# Touch: Chapter 13



## Huilunsoittaja (Apr 6, 2010)

For all that had happened, little routine had changed the following days. Nadia came in the afternoons to continue her musical studies, and left late at night. Work was as usual between Andrei and Nadia, and the Finale of his symphony began to take form. It was going to be considerably harder to write because Andrei had many complex ideas of how it was going to be developed. But Nadia had a new understanding of his mind that she didn't experience before. Somehow she, and probably himself, felt a connection had formed between them that was deeper than acquaintance, but had come to a spiritual level. Nadia was no longer working for him, but she was his friend and confident. It was no longer their work that they spoke of together whenever they met, but their lives, and also their faith. It came to a point that Nadia started feeling an urge in her to start challenging him.

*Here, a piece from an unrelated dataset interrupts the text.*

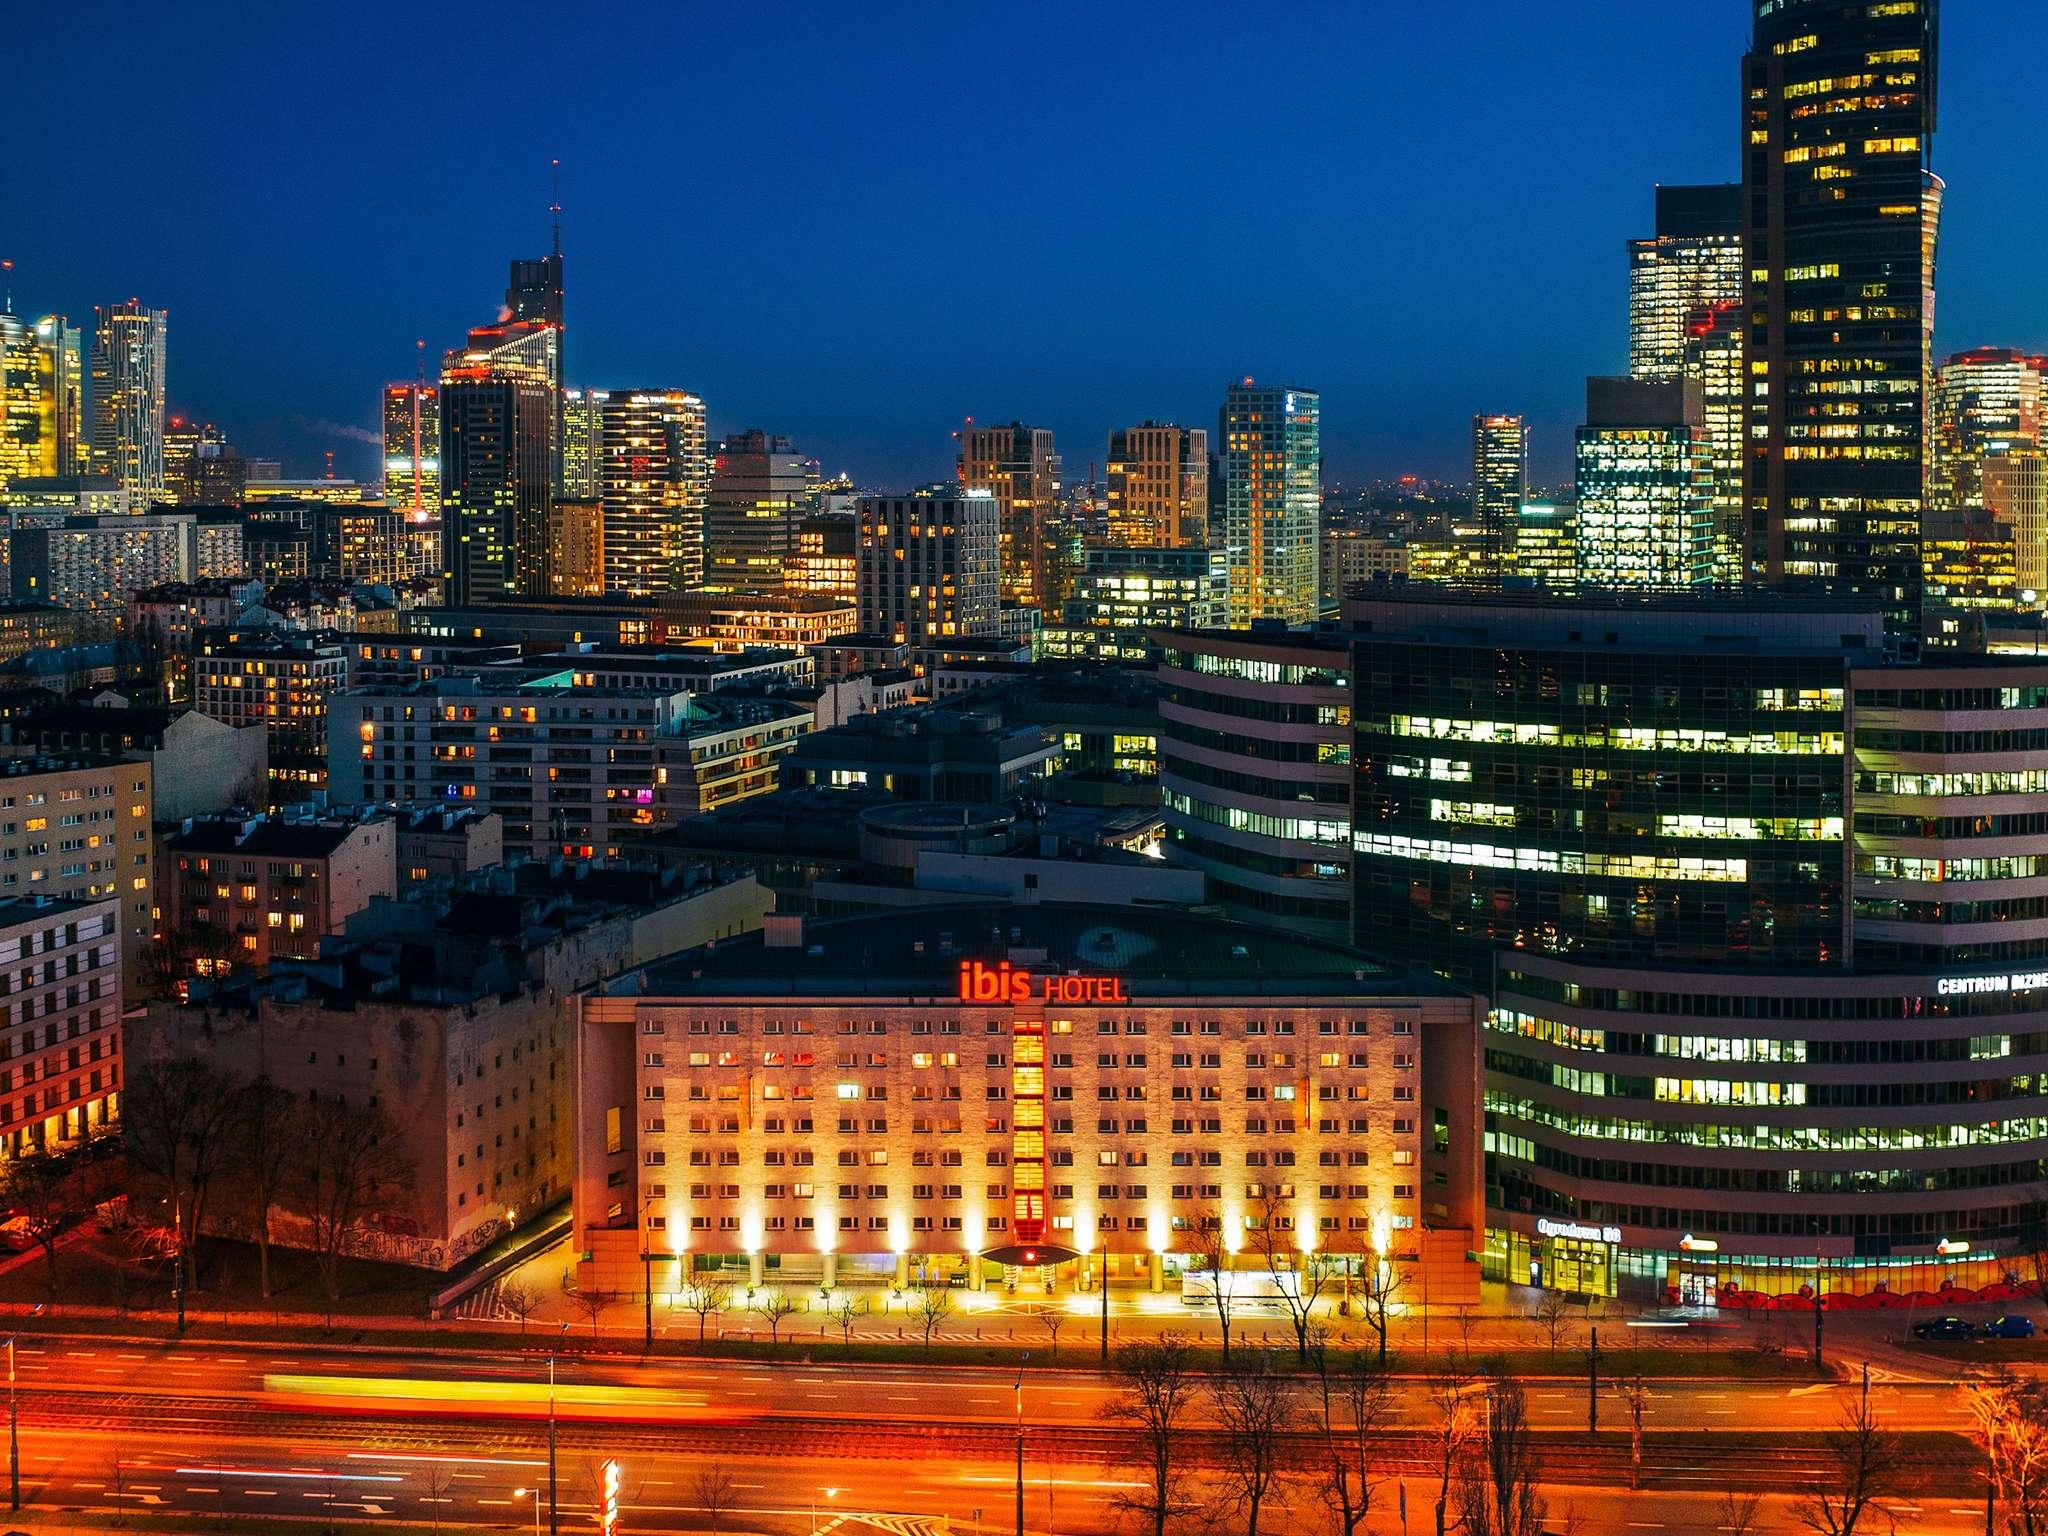 فندق - ibis Warszawa Centrum - Hostel Warszawa Centrum

"Do you want to go to church with me on Sunday?" she asked him.

"I haven't... gone walking out for several months now. I don't know..." He was very reluctant even to speak.

"I would escort you."

"But there would be those who..."

"Who would see you, yes."

"I wouldn't be surprised if a great deal of people will stare at me, and at you. I hate being pitied."

"Not that you'll see it though."

He sneered. "But I'll feel it. Who knows what people will think."

"Well, does it really matter in the end?"

"... I guess not..."

Andrei finally acceded to Nadia's begging, on condition he could wear his blindfold.

When Sunday came, Nadia came to his house in the morning, and ordered a cab.

"Are you ready?" she asked Andrei. He was wearing on a very nice suit, and had a black blindfold neatly over his eyes. He was standing rather stiffly.

"Yes," Andrei said gravely.

Arriving at Nadia's church, she finally understood what Andrei had talked about. Everyone was staring at them when they came out of the cab, and walked up to the church entrance. Nadia looked around, trying to look dignified. Most of the people looked on silently and compassionately, but there were a handful that frowned disapprovingly at her before turning away shaking their heads.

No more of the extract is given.